First Oscar Nomination: NA

Other Nominations: NA

Genre (specialties): sci-fi; film noir

Collaborators:

Last Film:

Contract:

Career Output:

Career Span: 1919-1960

Marriage:

Politics:

Retirement: 1960; age 70

Death: 1976, stroke; 85

 

Fritz Lang is one of the most influential directors in world cinema.

Fury (1936): Lang’s First American Film

Unlike some of his contemporaries, such as Robert Siodmak or Fred Zinnemann, Lang had never been nominated for the Best Director Oscar, and none of his Hollywood film was particularly successful at the box-office.

At his prime, he was an innovator in a number of genres.  He invented the sci-fi genre with Metropolis in 1927.

He launched the spy feature with “Spies” and “Dr.
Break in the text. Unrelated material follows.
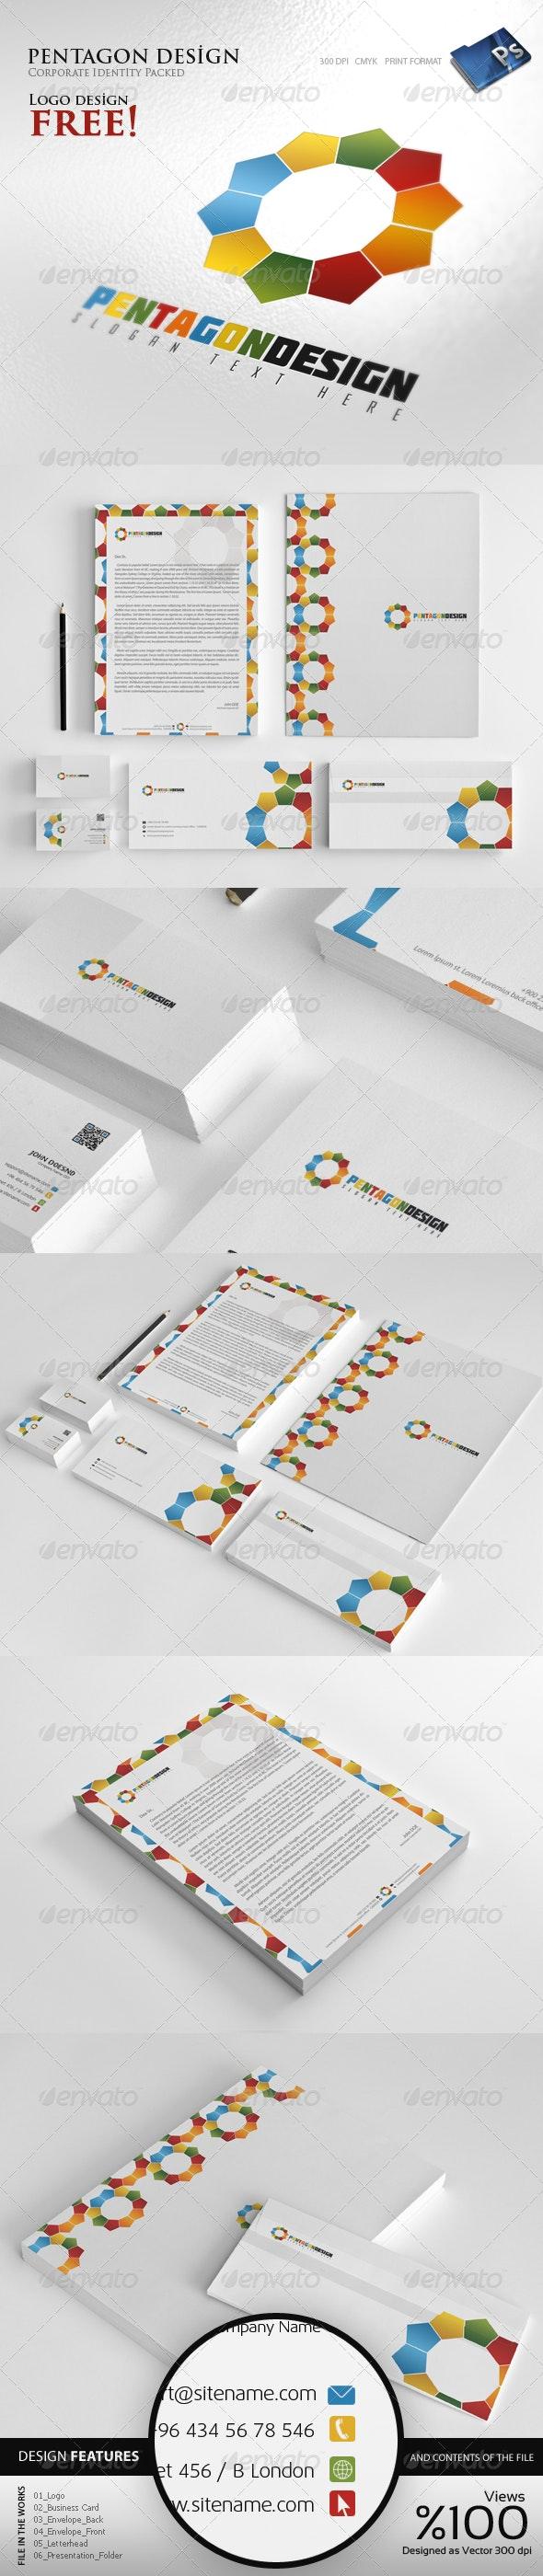 Pentagon Design - Corporate identity - Stationery Print Templates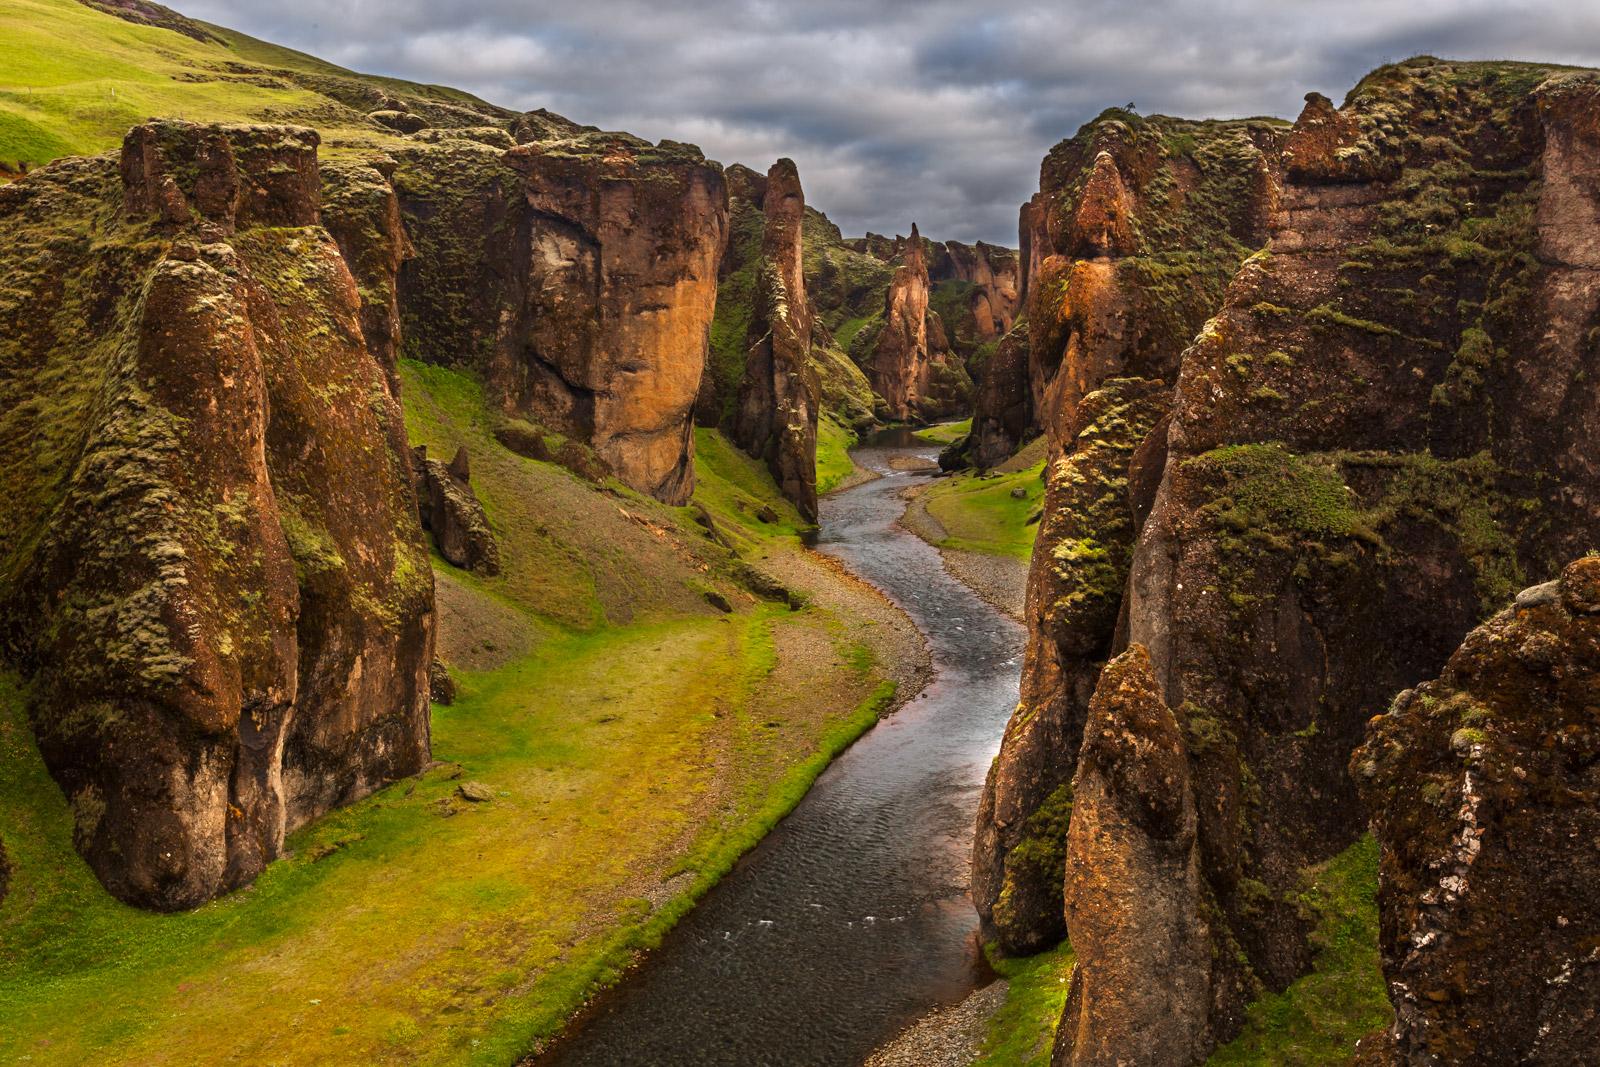 iceland, fjaorargljufur, canyon, limited edition, photograph, fine art, landscape, photo

Mabuse: The Gambler.”

No director had worked within the genre of film noir more consistently or more brilliantly than Viennese born German filmmaker Fritz Lang.

Bringing to the screen an obsessive and fatalistic world populated by a rogues’ gallery of strange and twisted characters, Lang staked out a hostile corner of the cinematic universe; despair, fatalism, isolation, helplessness–are major themes in his work.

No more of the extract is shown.